The above metrics are updated in the Samurai MDR portal every 5 minutes and are monitored by the Samurai platform. It is important to note that it is normal to observe high utilization of all metrics as the NTA performs continuous resource intensive inspection of mirrored traffic with processes that inherently demand significant resources to maintain performance and accuracy. For deeper insight we recommend reviewing the additional performance metrics plotted as time-series graphs found under NTA details.

This widget may also include status messages of individual components of the NTA, this will assist with identyfing any problems the NTA encounteres. raising a ticket with the Samurai SOC.

NTA Status Notifications

Samurai will send email notifications to registered application users should your NTA status change from Healthy to Unavailable. The Samurai team monitor deployed NTAs and it is our responsibility to maintain health, availability and rectify any problems, however we may reach out to you if you are required to make any changes. Once any issues have been resolved, you will also be notified when a Healthy status is reached.

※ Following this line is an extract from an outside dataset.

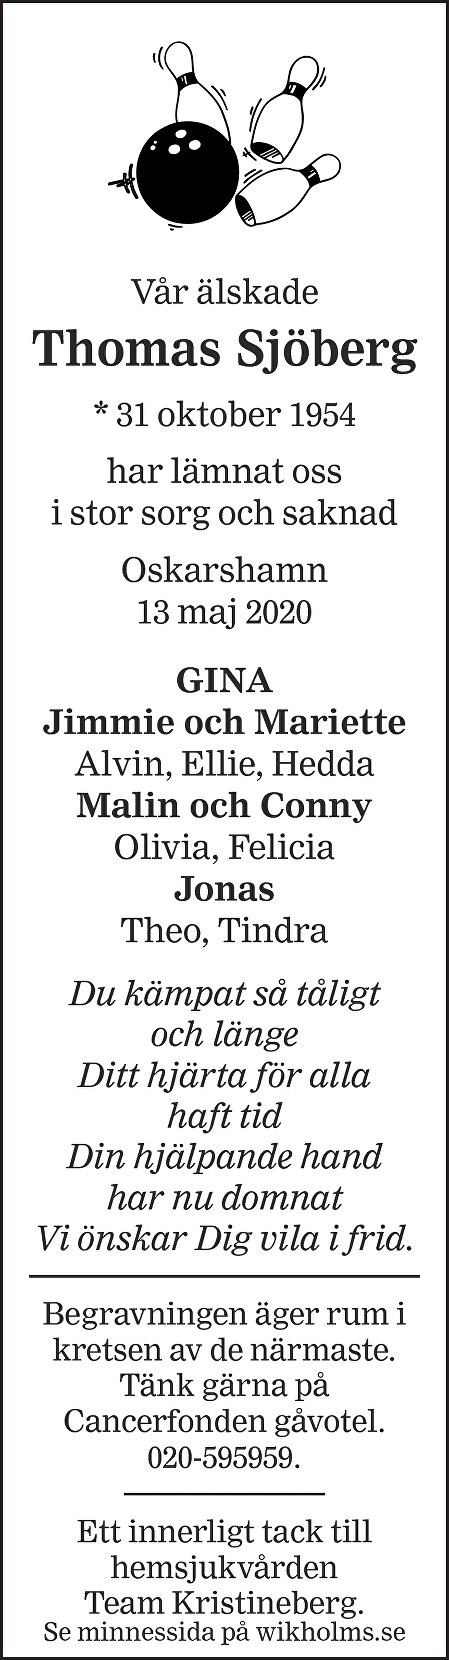 Thomas Sjöberg Death notice

If your NTA restarted, during final startup you may notice the Status change from Healthy to Not-Healthy, this is not cause for alarm as this typically occurs for a short period of time as processes restart. Once complete your NTA status will be displayed as Healthy.

System Information

The System Informatiom panel displays important NTA system information and metrics including:

System

Field	Description
Operating System	The NTA leverages Ubuntu, it is our repsonsibility to maintain the Operating System.
CPU	CPU information captured
Cores	No. of physical and logical cores of the NTA
Memory	Total memory of the NTA
Swap	Allocated disk space used as virtual memory

Storage

Field	Description
Mount	Directory where storage device or parition is attached to the file system
Device	Represents the virtual storage medium by path or Amazon EBS volume
Size	Capacity of storage device or partition
Usage	Amount of storage consumed in %

Network Management

Field	Description
Configuration	Static or DHCP
IPv4	The assigned IP address. The Monitoring interface will not have an IP address
Proxy server	Proxy server configured during cofiguration creation
NTP servers	Network time protocol servers configured during configuration creation
Interface	Virtual adapter
Type	Management interface
MAC	Unique identifier assigned to the interface
Current Bandwidth	The data transfer rate of the network interface measured in Mbit/s

Network Monitoring

Field	Description
Interface	Virtual adapter
Type	Monitoring interface
MAC	Unique identifier assigned to the interface
Current Bandwidth	The data transfer rate of the network interface measured in Mbit/s

Metrics

All metrics displayed are by default over the past 2 hours however you can adjust via the Time Picker

Metric	Description
CPU Utilization	Displays the percentage utilization across all CPU cores. High usage may indicate heavy traffic analysis or potential system strain
Memory Utilization	Displays the percentage of system memory consumed. Persistent high usage could impact performance and may require optimization
Disk Utilization	Represents the percentage of storage space used across each disk mount. Monitoring this metric ensures sufficient space for traffic data and system operations
Bandwidth Utilization	Displays bandwidth utilization of the mirror interface in Mbit/s

Alerts

The Alerts panel displays security detections made by the NTA.

You do not have to act on any alerts as the Samurai SOC analysts triage, investigate and validate alerts as part of the Managed Detection & Response (MDR) service.

As alerts are validated by the Samurai SOC analysts and investigated, they may potentially lead to a reported Security Incident and are marked accordingly. Our strategy includes visibility and transparency of the service we provide to you therefore this feature provides you that visibility showcasing the value of the NTA and service.

Alerts Summary

Alerts are summarized in a panel which can be updated based on a specified time period and includes:

Security Incidents - the total number of security incidents reported to you that may correspond to one or more alerts.
Alerts - the total number of alerts detected by the NTA.
Real-time engine- the total number of alerts created by the NTA resident Samurai real-time engine.
Vendor - the total number of alerts created by the NTA resident Intrusion Detection System (IDS) - Suricata.

Filters

Various filters are available to determine the alerts to be displayed.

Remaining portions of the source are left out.